Jmjd3は、マクロファージにおけるTLR誘導遺伝子であるため、まず、リポペプチド(Pam3CSK4; 活性化TLR2)、リポ多糖類(LPS; TLR4)、イミダゾキノリン類縁体(R-848; TLR7)及びCpGモチーフを有するオリゴヌクレオチド(CpG-DNA; TLR9)を含むTLR リガンドに対する、内在性及びチオグリコール酸誘発腹腔滲出細胞(PEC)のサイトカイン産生を調べた。TLRリガンドに応答してTNF 及びIL-6の産生は、野生型並びに内在性及びチオグリコール酸誘発腹腔滲出細胞(PEC)の間で変化しなかった(図4a及び図4b)。野生型及びJmjd3-/-キメラからペプトン処理によって誘発された腹腔滲出細胞(PEC)もまた、TLRリガンド刺激によってTNF 及びIL-6を同程度に産生した。図4a〜図4d中、「med」は、TLRリガンドを添加しなかったコントロールであり、「N.D.」は、サイトカインの産生が検出されなかったことを意味する。また、黒はWTであり、白はJmjd3-/-である。
【0086】
フローサイトメトリーで、内在性及びチオグリコール酸誘発腹腔滲出細胞(PEC)におけるCD11b+F4/80+Gr1-マクロファージの比率は、野生型及びJmjd3-/-キメラの間で変化がないことが明らかとなった(図4c)。常在(内在)性のマクロファージ、チオグリコール酸誘発マクロファージ及びペプトン誘発マクロファージの総数は、Jmjd3-/-キメラで変化がなかった(図4c)。
【0087】
そこで、リステリア菌(Listeria monocytogenes)感染への応答におけるM1マクロファージへの分化におけるJMJD3の役割を調べた。

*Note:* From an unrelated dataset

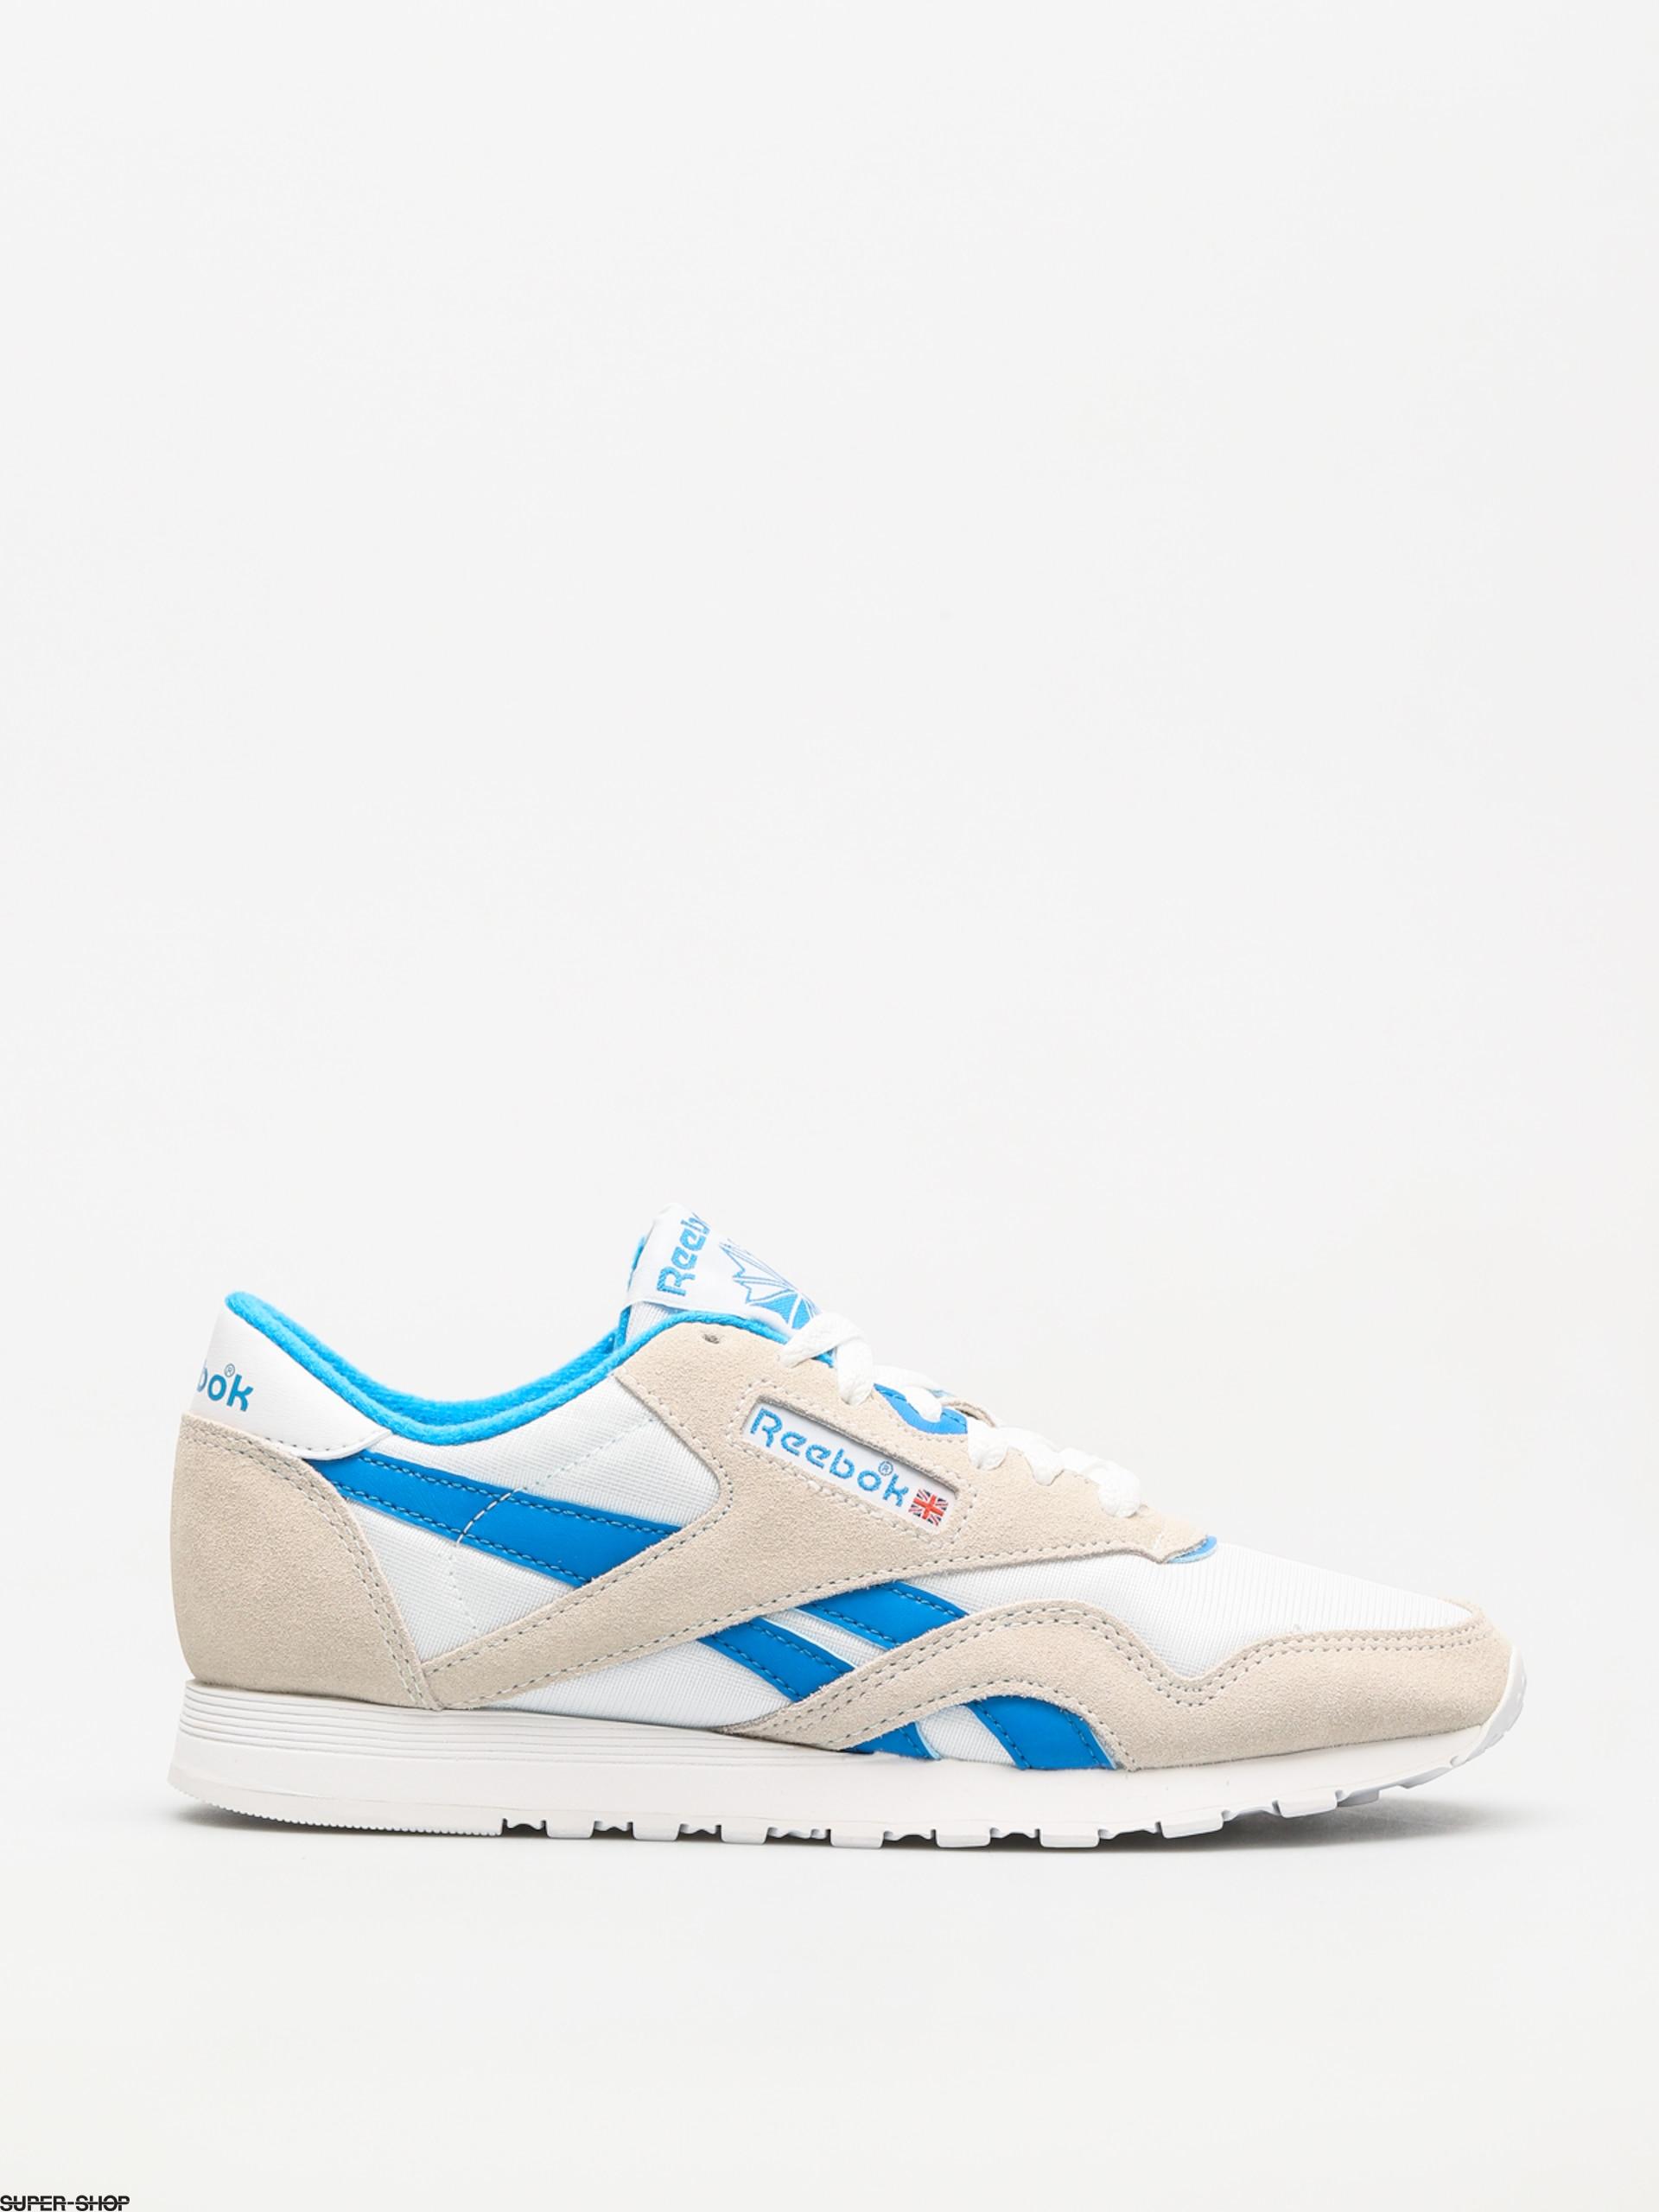 competitive price e212c bab17 Reebok Schuhe Cl Nylon Wmn (archive white/cycle blue)

リステリア菌が腹腔内に接種された場合、血清中の炎症反応を促進するサイトカイン、TNF、IL-6、IFN-γ 及びIL-12p40の産生は、野生型及びJmjd3-/-キメラで同程度であった(図7(a)〜(d))。図7(a)〜(d)は、WT及びJmjd3-/- キメラにリステリア菌を感染させ、一定時間後血清中のTNF、IL-6、IFN-γ 及びIL-12p40 濃度を ELISAで決定した結果である。図7(a)は、TNF、図7(b)は、IFN-γ、図7(c)は、IL-6、図7(d)は、IL-12である。図7(a)〜図7(d)において、黒四角はWTであり、白丸はJmjd3-/-キメラである。
【0088】
F4/80+CD11b+Gr1+マクロファージ、F4/80intCD11b+Gr1high好中球並びにF4/80-CD11bintB220+ 及びF4/80-CD11b-B220+ B細胞が、リステリア菌感染マウスから調製された腹腔滲出細胞(PEC)内に観測された。腹腔に動員されたマクロファージの数は、野生型及びJmjd3-/-キメラで同程度であった(図5(a)〜(c)及び図6(a)〜(d))。図5は、刺激なし(図5(a))、チオグリコール酸(図5(b))又はリステリア菌(図5(c))で処理した3日後にWT及びJmjd3-/- キメラからPECを採取し、次いで細胞を抗-CD11b及び F4/80抗体で染色し、フローサイトメトリーで分析した結果を示す図である。図5(a)は、常在マクロファージ、図5(b)はチオグリコール酸誘導マクロファージ、図5(c)は、リステリア菌感染後24時間におけるマクロファージ、図5(d)は、リステリア菌感染後48時間におけるマクロファージである。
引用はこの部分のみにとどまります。